Этот факт быстро стал известен сослуживцам и руководству «Зондерштаба-Р». Сыграл ли он какую-либо роль, Шлезингер не знал, но вскоре ему стали поручать анализ, проверку и обобщение агентурных донесений, поступающих в ведомство Пайчера, а затем и проведение оперативных мероприятий по подбору, вербовке и подготовке агентуры из бывших русских подданных, перебежчиков, военнопленных, изменников. Сведения о них, ориентировочные, а иногда и точные, районы выброски сообщались в Центр.

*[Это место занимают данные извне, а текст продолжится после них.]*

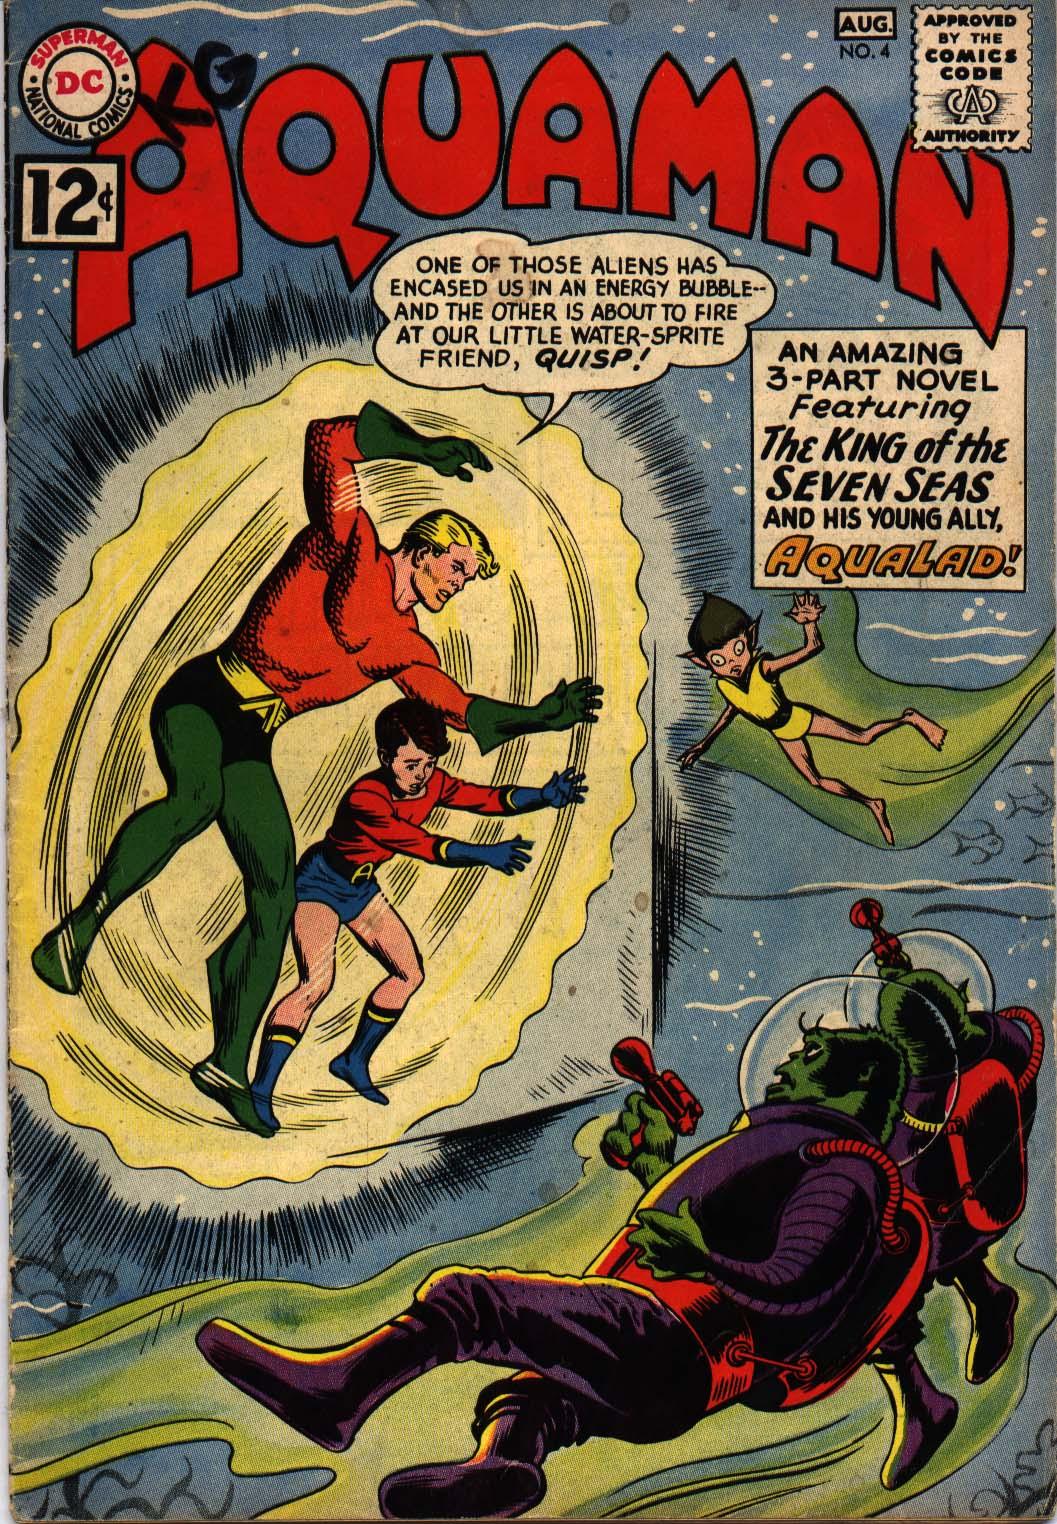 Aquaman (1962) issue 4 - Page 1

Политическая ситуация в Чехословакии в связи с приближением советских войск к ее границам все больше осложнялась, и это вынуждало специальные службы рейха держать в горячем месте многочисленные штаты разведки и контрразведки, тайных агентов и отряды СС и полиции. По всему чувствовалось: «Словацкий протекторат» вот-вот станет ареной важных событий. Это подтверждалось и информацией, поступавшей в «Зондерштаб-Р».
Ознакомившись с новыми донесениями из «главного города»[4] так называемого Словацкого государства, Пайчер вызвал к себе Шлезингера.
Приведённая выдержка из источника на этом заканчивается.